In another disturbing development, a Croatian battalion attacking Serbs in northern Krajina used seven captured Danish peacekeepers and Serbian prisoners of war as human shields Friday and Saturday, the Danish government and the United Nations said in angry complaints Sunday. The soldiers were ultimately released unharmed.

Denying the accusation, Croatian spokesman Tolj said, “People want to diminish the brilliance of this military victory.”

In a region where 10,000 people died in brutal fighting and many thousands of Croats were driven away in the wake of the 1991 Croatian Serb rebellion, this time the Serbs left their homes behind.

At least 35,000 people lurched in convoys toward Serb-controlled areas of neighboring Bosnia on Sunday.
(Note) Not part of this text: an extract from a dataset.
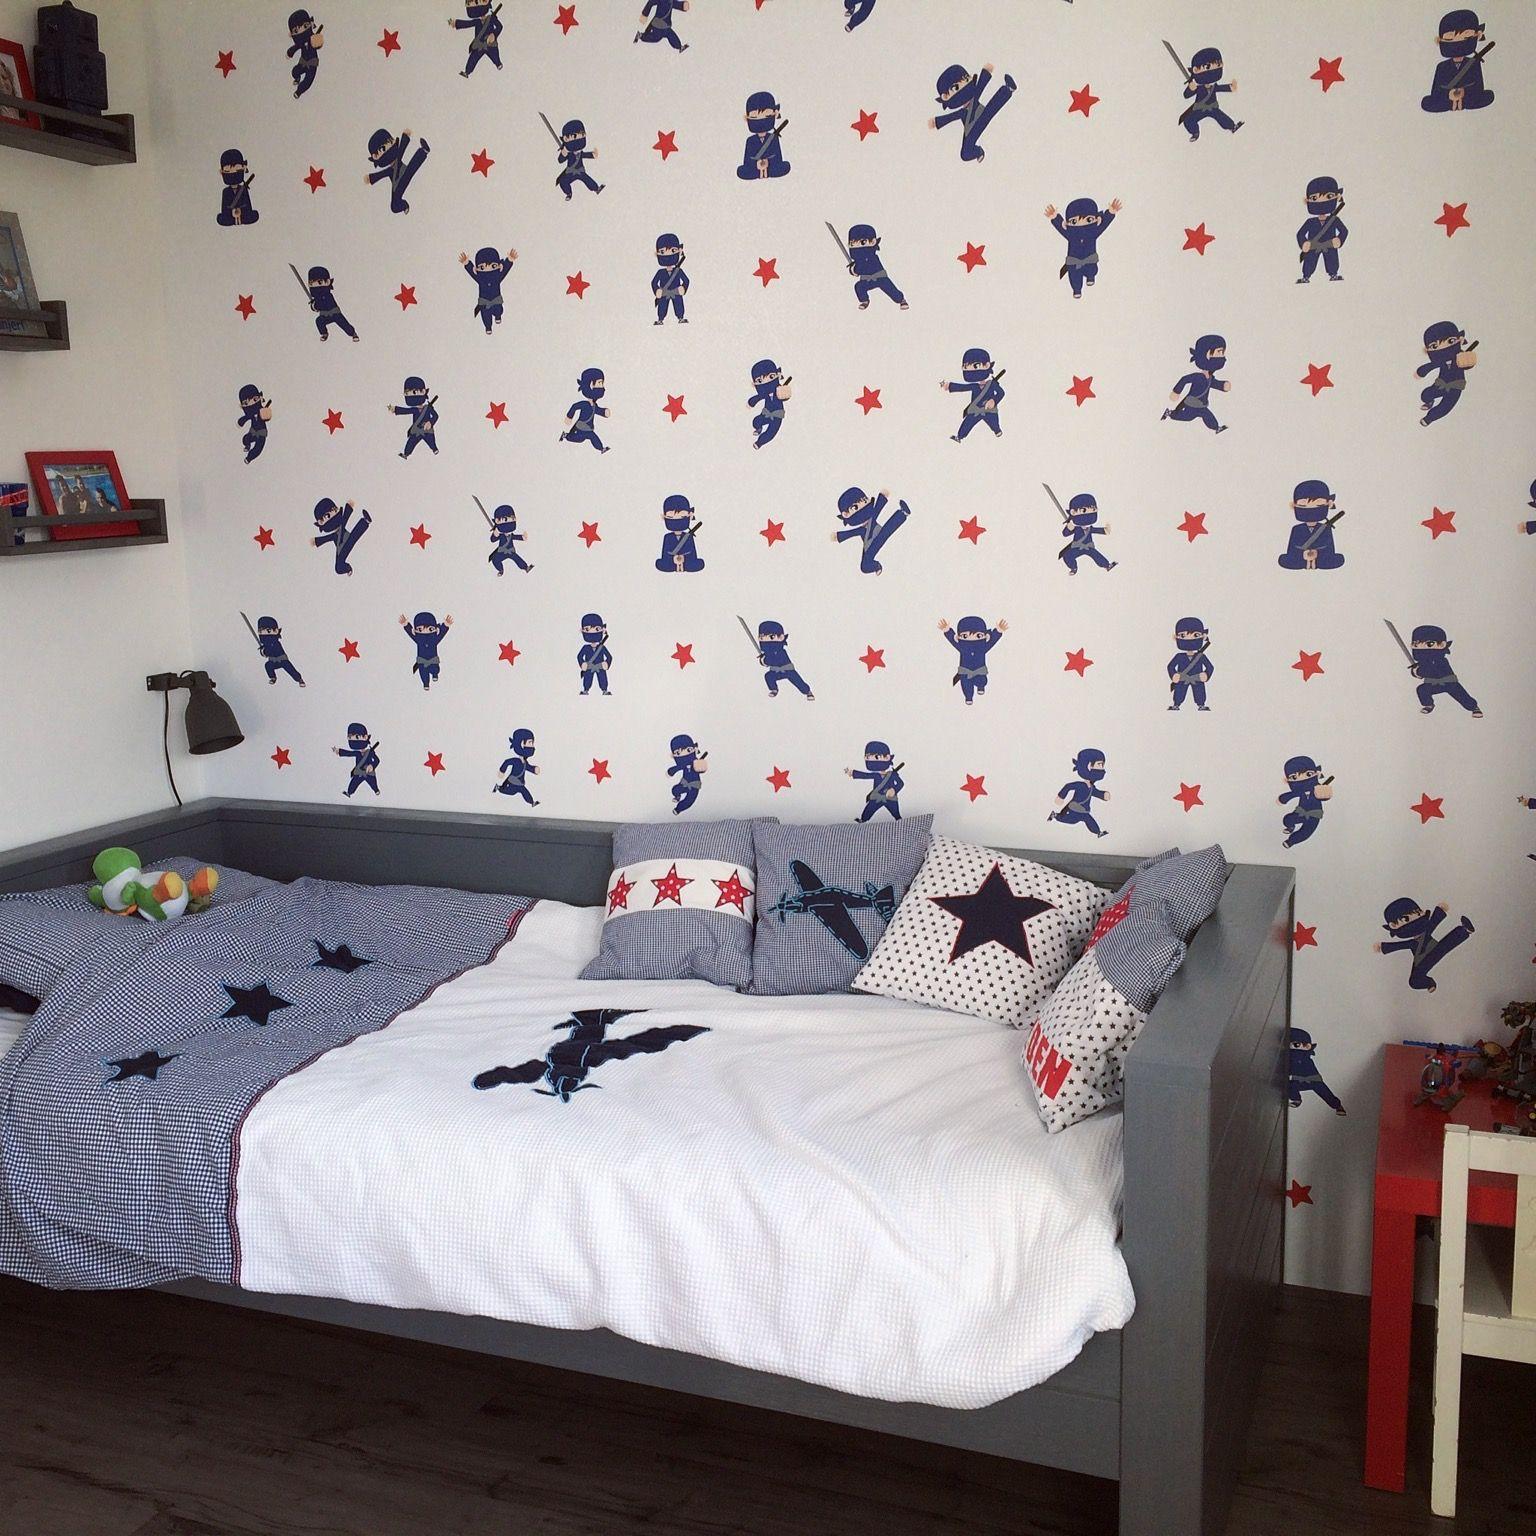 Kinderkamer jongenskamer behang voor jongens ninja Ninjago ...

The Bosnian Serb news agency SRNA said a column of refugees 12 miles long was streaming toward Serb-held territory from a mostly rural region in which an estimated 180,000 Serbs - a third of them soldiers - lived when the fighting began.
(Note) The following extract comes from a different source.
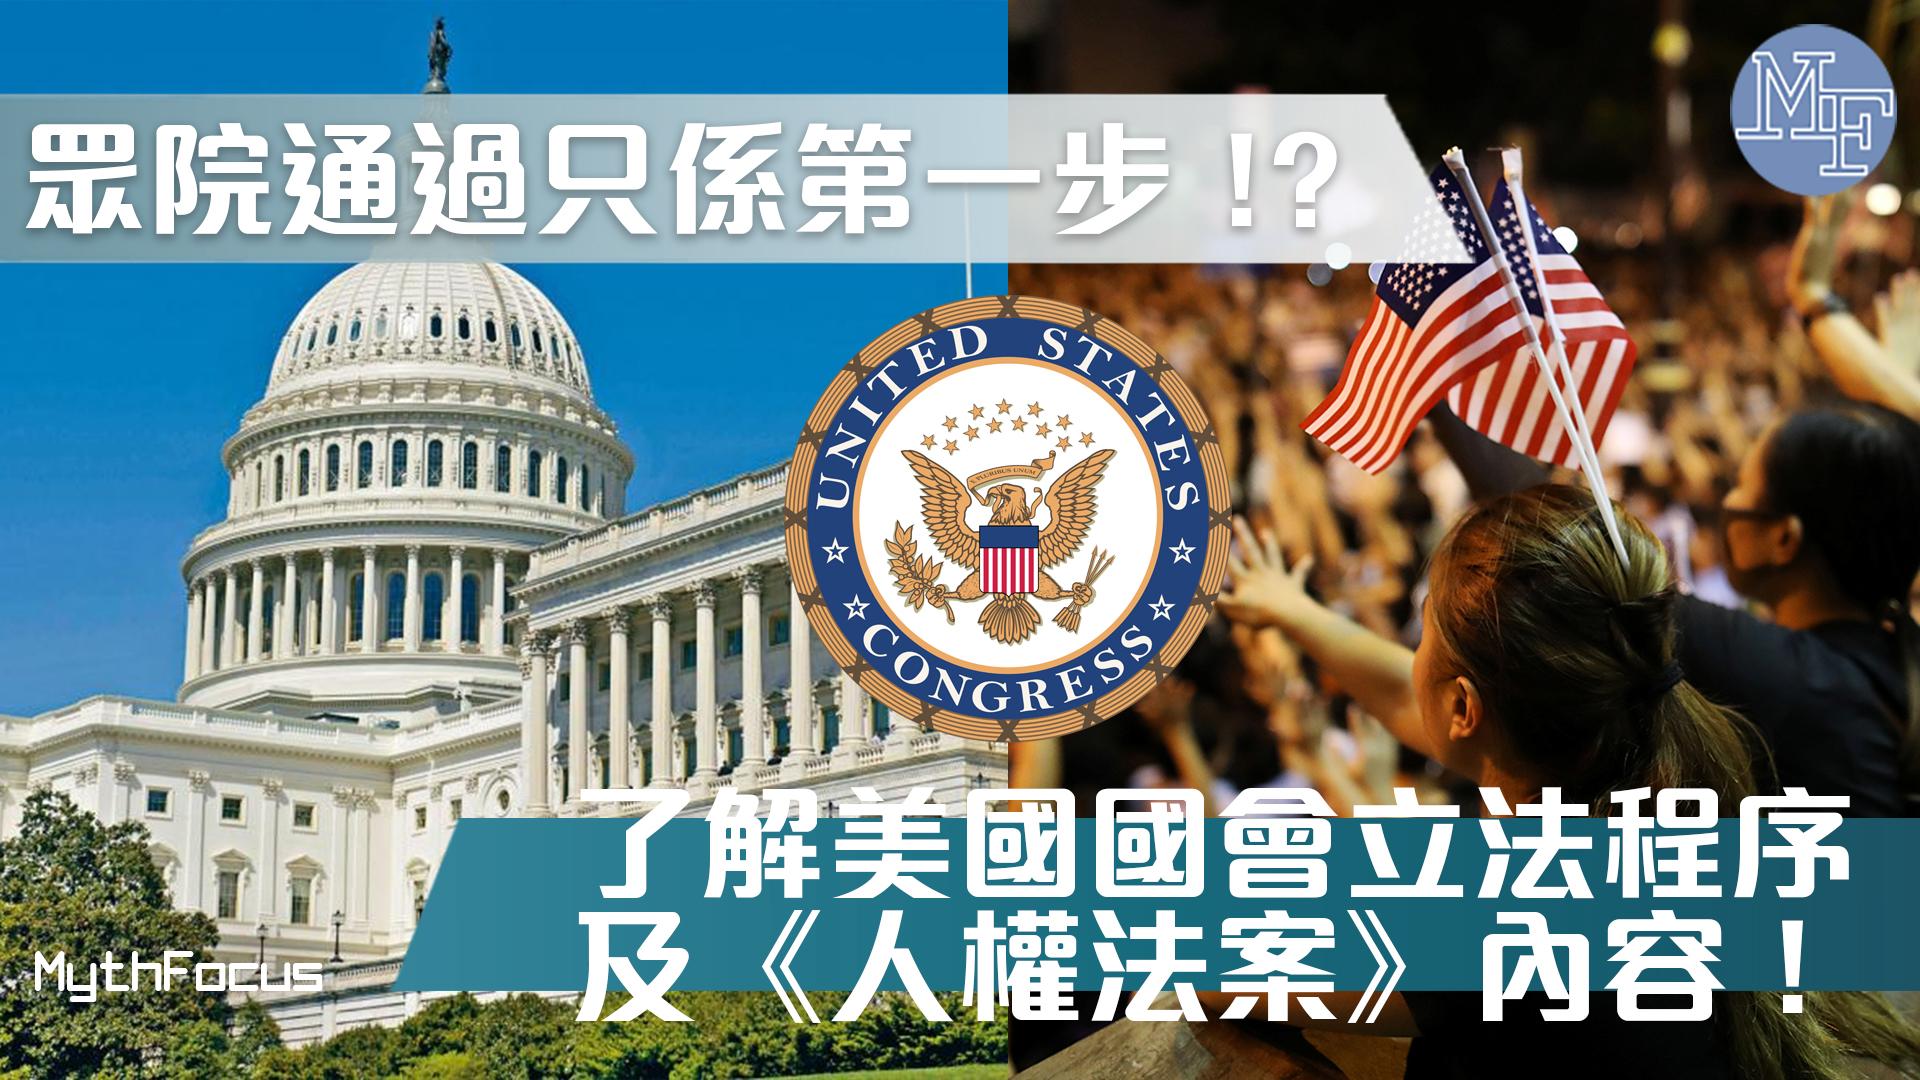 【人權法案】美國眾議院通過 《香港人權民主法案》 一文了解國會立法程序及3大法案! - mythfocus

The United Nations said authorities in Banja Luka estimated that between 50,000-60,000 refugees would arrive in the next two days, and officials at the Serb-held Bosnian town of Prijedor said they were preparing to accommodate 15,000 in a soccer stadium. A U.N. spokesman warned of possible reprisals on minority communities of Croats and Muslims in Banja Luka.

Five fires continued to burn out of control in the heart of Knin, the Krajina capital, which was hit by 2,000 shells Friday and captured by the Croats on Saturday. The commander of the U.N. garrison in Knin reported that there had been extensive looting, Gunness said.

Croatian forces were not allowing peacekeepers to leave their base in Knin, Gunness said. One Canadian officer reported hearing sporadic shots from small arms, saying “it did not sound like combat.”

Gunness said the United Nations is “urgently demanding access to all towns, villages and rural areas affected by the fighting to address humanitarian problems and assess the human rights situation.”

Before the Serbs’ 1991 uprising against Croatia, Petrinja had a population of about 35,000, split fairly evenly between Serbs and Croats. After six months of fighting that ended with a January 1992 cease-fire, the Serbs had captured Krajina and expelled the Croats from the region. When the current fighting began, about 15,000 people lived in Petrinja. On Sunday, the city was deserted, smoking, in ruins.

“I would like to call on the (Serbian) rebels in the name of life and sanity to surrender. … Further resistance is insane. It has no political foundation or moral right,” Tolj told a news conference.

The Bosnian government’s 5th Corps, pushing out of the Muslim enclave of Bihac, helped cut off retreat from the fighting, and Croatian sources said troops of a renegade Muslim warlord who had sided with the Krajina Serbs were surrendering in large numbers.

The Krajina Serbs’ Bosnian allies did not offer significant support, and Serbia posed only rhetorical challenge to Tudjman’s swift and successful weekend gamble.

U.S. Secretary of State Warren Christopher, interviewed from Vietnam on ABC’s “This Week With David Brinkley,” said that Croatia’s military offensive against the rebel Serbs could have the positive effect of leading to a negotiated settlement to the regional conflict.

“We certainly didn’t want this to happen,” Christopher said of the massive Croatian assault against Serb-held areas of Croatia. “But the facts may possibly give rise to a new strategic situation which could turn out to our advantage.”